A few weeks ago, I went to see a play. Sitting next to me was a woman who, it turned out, was a senior editor at a publishing company. She had decided to subscribe to a few theaters to learn more about theatre as an art form, something she felt under-versed in. We got to talking. She learned I was a director and a blogger writing about theatre issues, we talking about the publishing industry and the theater we were currently sitting it.
After the show, it turned out she lived three further stops on the F train, so we rode back to Brooklyn together and talked about the show.
It turns out, we both agreed about the show. There were specific moments that showed a lot of promise, and a lot of stuff surrounding those moments that didn't work. We were in agreement about what those moments were as well.
And then she asked me, "So, I don't get it. Who in the theater is responsible for editing the plays? Who tells a playwright, `no, that moment doesn't work, you need to elaborate on this, cut that' etc.?"
And my response was... "Well, on some level no one and on another level lots of people" and then I tried to explain some of how new play development works in theatre, about dramaturgs and literary managers and artistic directors and the writer-director relationship,and workshops and readings and the whole shebang. Or as much of it as I could outline in fifteen minutes.
She was surprised, to say the least. She then talked about her world where before accepting a proposal and giving an advance (roughly their world version of a commission) they would insist on a detailed outline and a sample chapter and then work with the writer to get that outline to the point where it would eventually turn into something they'd agree to publish. Or how with fiction the editing process can end up with the publisher insisting on some fairly large changes to a text.
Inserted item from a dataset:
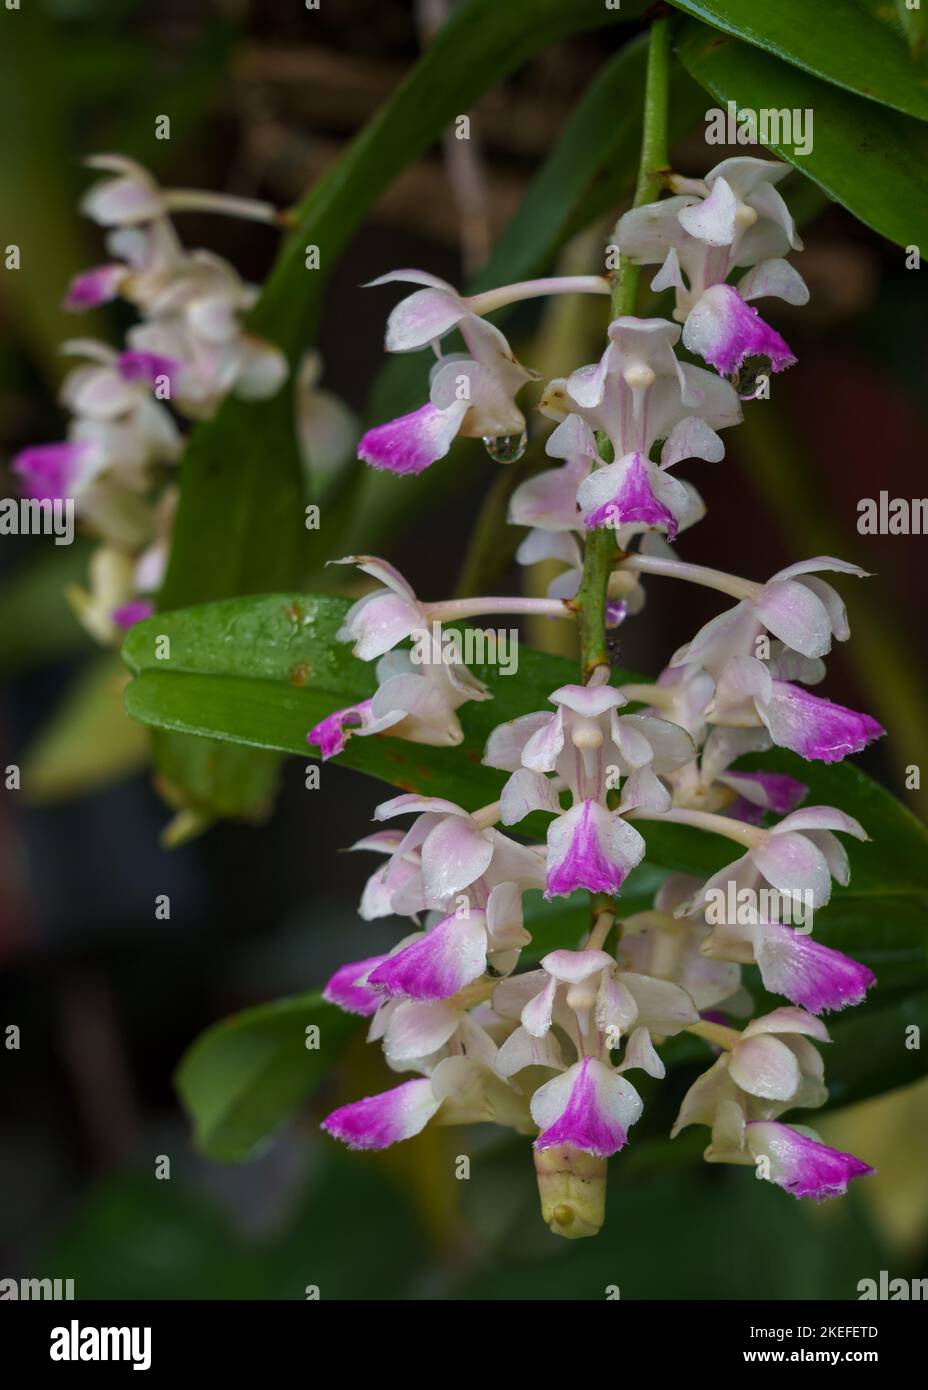 Closeup view of tropical epiphytic orchid species aerides falcata with colorful white and purple pink flowers blooming outdoors on natural background Stock Photo

I think I brought this up in an earlier post, but I just find it interesting how different the attitudes towards development of work are in different disciplines. Very few novelists would say the kind of stuff that Richard Nelson
said at ART/NY where he proclaimed that a theater insisting on multiple drafts in a commission contract was a mark of deep disrespect to a writer. I'm not saying things are better in any one discipline over another, but I find it interesting how the conventions of developing a new work, the normative behaviors, the expectations etc. change depending on what art form we're talking about. And I think these differences may challenge some of the assumptions we all have on how this whole thing is supposed to work.
So I brought this up with a novelist friend of mine who has a book coming out soon. We also talked about the recent Wells Tower interview in the NYTimes where Tower basically credits his editor with vastly improving his writing style:
The book is a lot of things, in other words, but, given the subject matter of the stories, which range from marital infidelity to a boy’s mistreatment at the hands of his stepfather to the dismemberment of a moose to Viking mutilation, you would not expect anybody to call it cute. Yet when Mr. Tower submitted the finished manuscript to Courtney Hodell, his editor at Farrar, Straus & Giroux, the words “too adorable” were among those she wrote most frequently in the margins. And she didn’t mean it as a compliment.
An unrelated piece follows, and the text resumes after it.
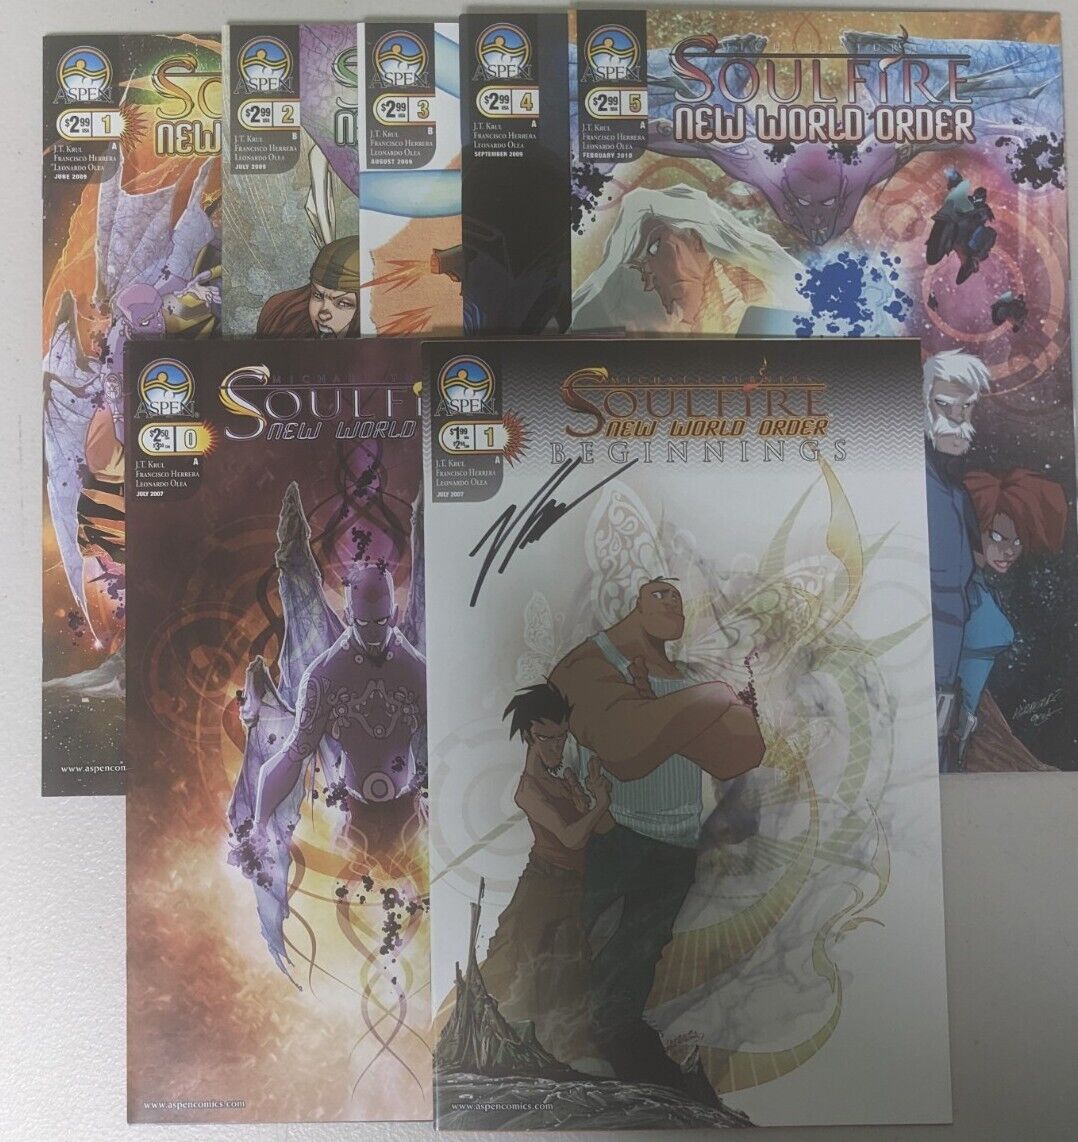 Michael Turner's Soulfire New World Order #0-1 & #1-5 beginnings signed by VINCE

“Initially, there was a lot more corn-pone-ing and self-consciously vernacular language, cute little moments,” Mr. Tower said in an interview the other day, adding that he reined all that in upon revision. “So I actually didn’t sit down to write a bleak collection. When I look back at the early stories, it seemed much more like a ‘Hee Haw’ episode.”
I can't think of an interview with a playwright that contains a similar moment of gratitude vis-a-vis a lit manager or dramaturg. Because the conventions of collaboration are very different.
Anyway, novelist friend and I were talking. He said, "Well, one thing is a play is then further mediated through a production and a novel is not, and so they're going to have different styles of approach. And of course, there are novelists who refuse to be edited, and if they're successful enough they can get away with it."
I then asked him if money had something to do with. Their being more money and more opportunity in the publishing world and whether or not that has somehow created this system.
He said: "I don't know, but I wonder. Of course, when you think about it, when you write a screenplay you don't even own your work but it's where you'll make the most money. So maybe there's some kind of inverse ratio between money and control, because when you make less money your fulfillment and personal investment in it and kind of all you got" And then he paused and with a mischevous grin said... "I mean, no one edits poets".
I'm interested in people's thoughts about this. I know a lot of playwrights read this blog, and writers who have experience in multiple forms (screenplays, plays, books etc.): (And again let me say I'm not sure what I think about all of this, I'm just asking some questions to get conversation going)... What have your experiences been across the forms? Should theaters be more heavy-handed in helping craft the plays they produce and if not why not? What do you think about all of this? One of the issues I brought up with the editor was the issue of developing plays, working on them and then not doing them... if we somehow fixed that issue, would some of the other NPD issues in terms of notes and rewrites and workshopping fall by the wayside?
And not just writers. What about you directors and producers out there? What about you current and former lit managers? Artistic directors? What up, everyone?!